## WORK TO COMPLETE:
Give back the lines below verbatim, omitting all pictures.

## GIVEN MATERIAL:
"""

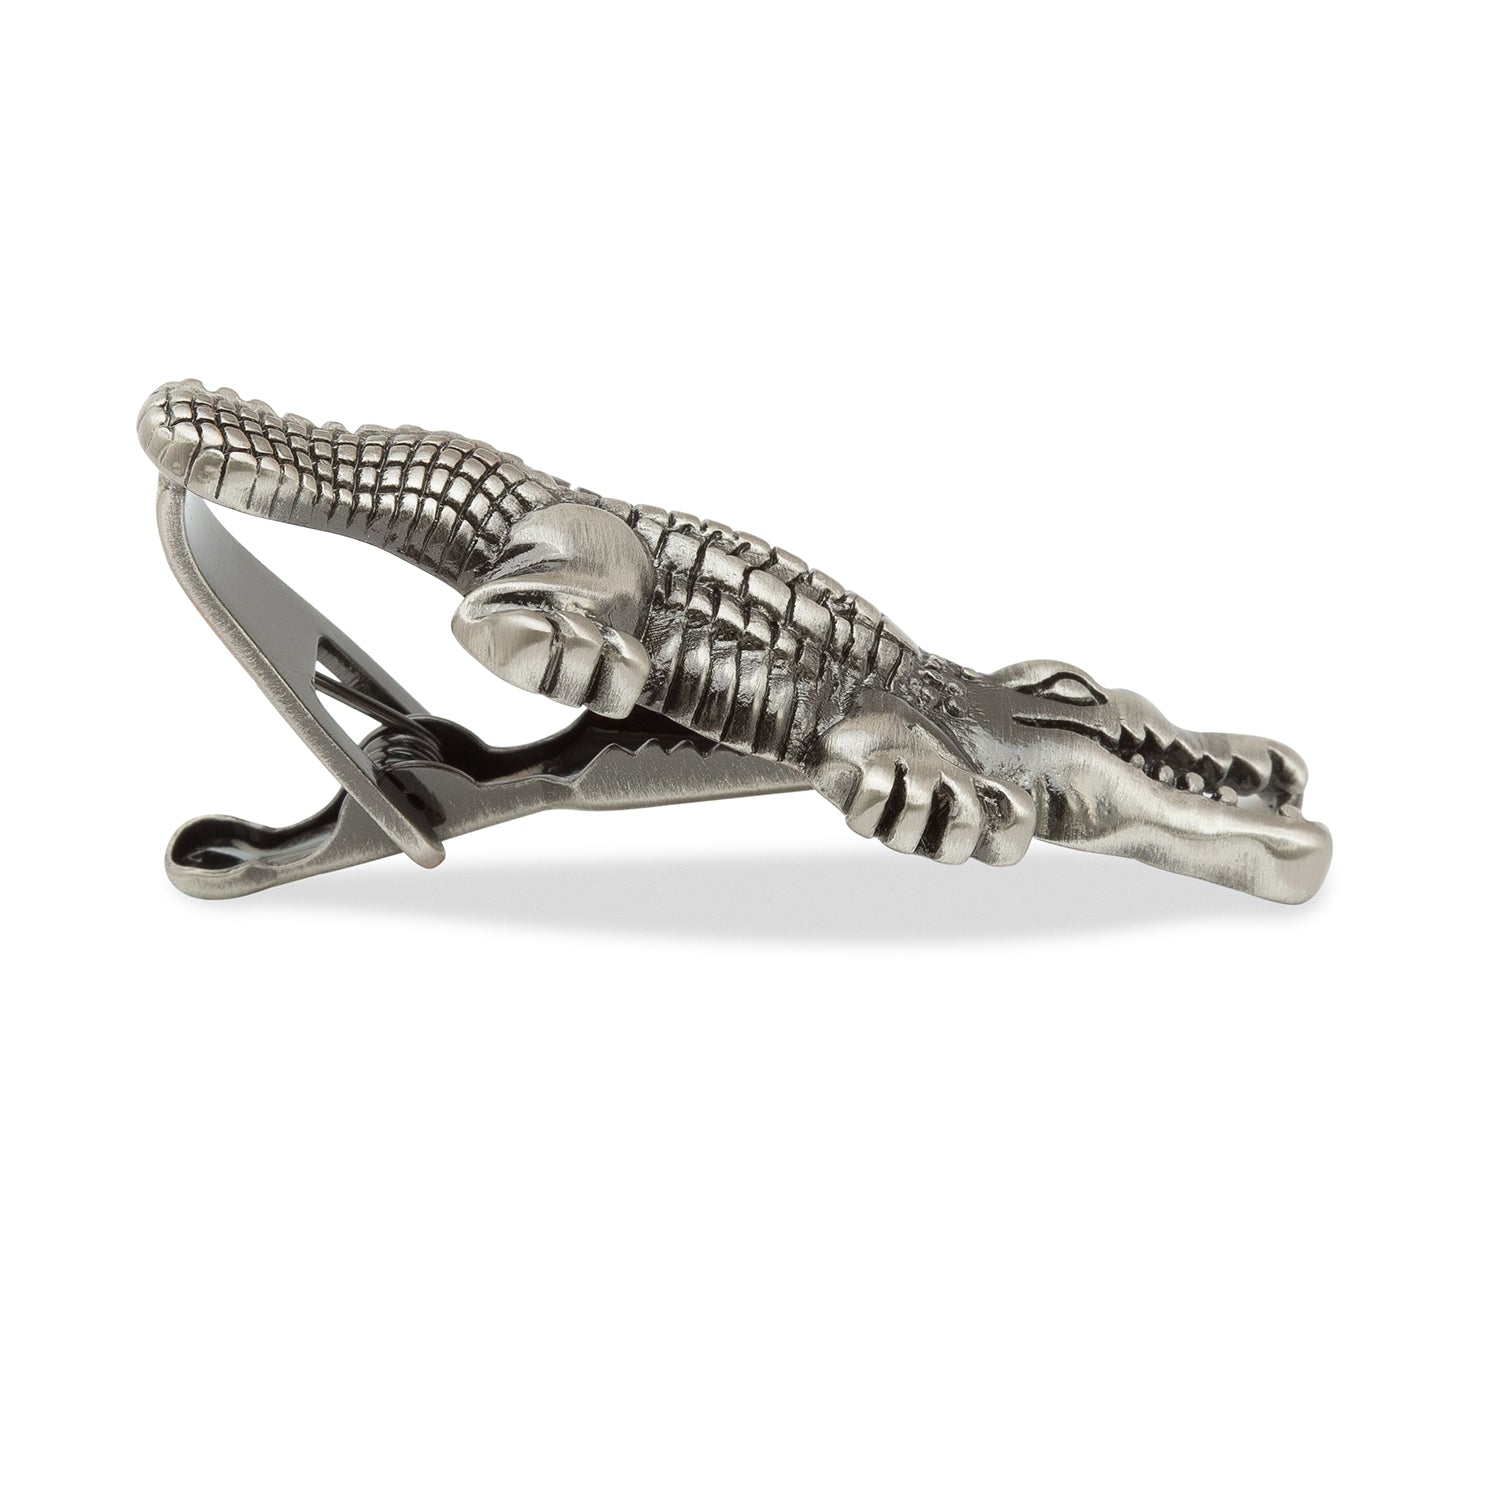 Antique Silver Irwin Crocodile Tie Bars
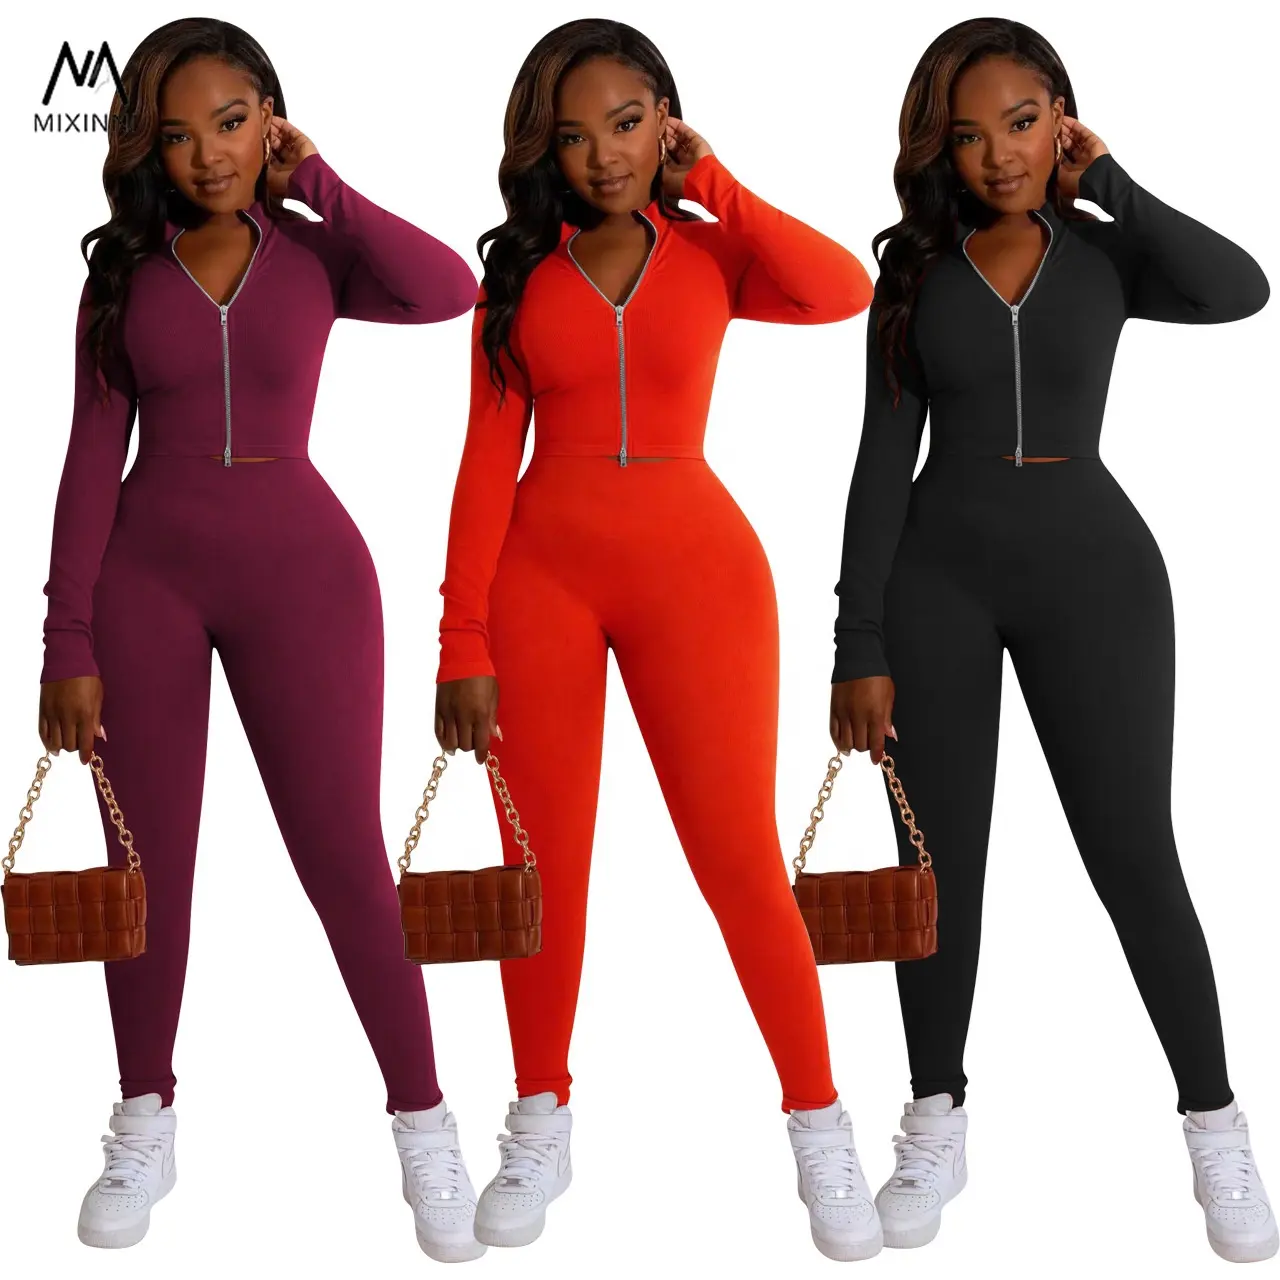 MXN 253 Solid color double zipper two piece set,hot sale casual women suits,sportswear ladies 2 piece set women
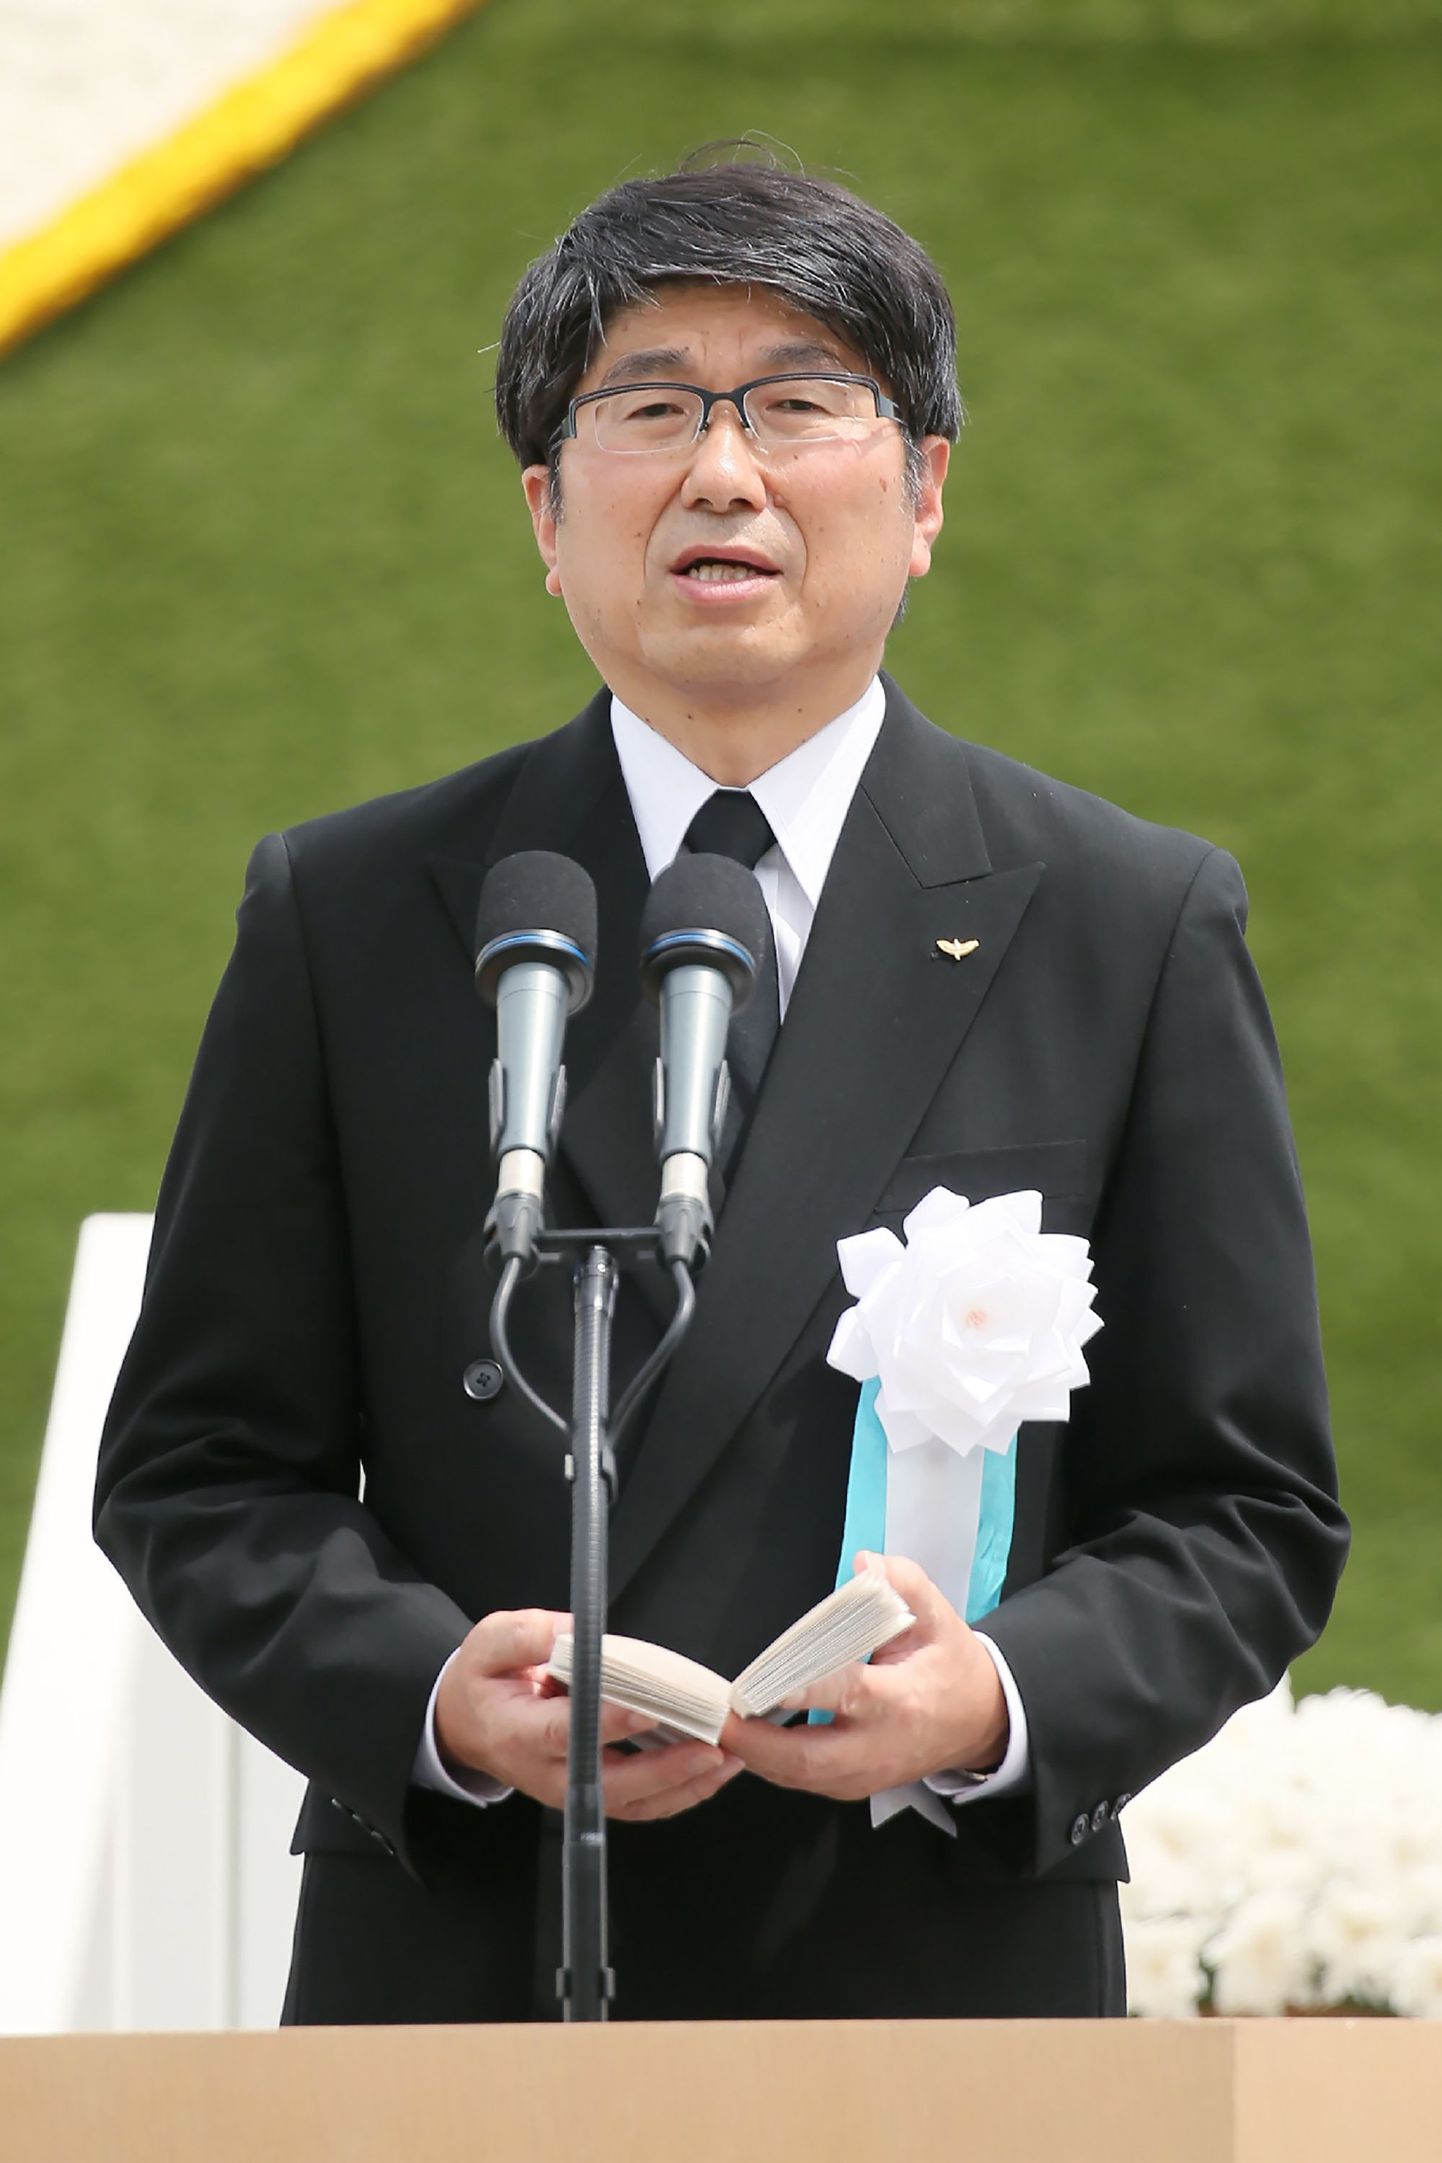 Nagasaki linnapea Tomihisa Taue reedel linna rahupargis tuumarünnaku 74. aastapäeva puhul kõnet pidamas.

"""

## YOUR SOLUTION:
 Antique Silver Irwin Crocodile Tie Bars
 MXN 253 Solid color double zipper two piece set,hot sale casual women suits,sportswear ladies 2 piece set women
 Nagasaki linnapea Tomihisa Taue reedel linna rahupargis tuumarünnaku 74. aastapäeva puhul kõnet pidamas.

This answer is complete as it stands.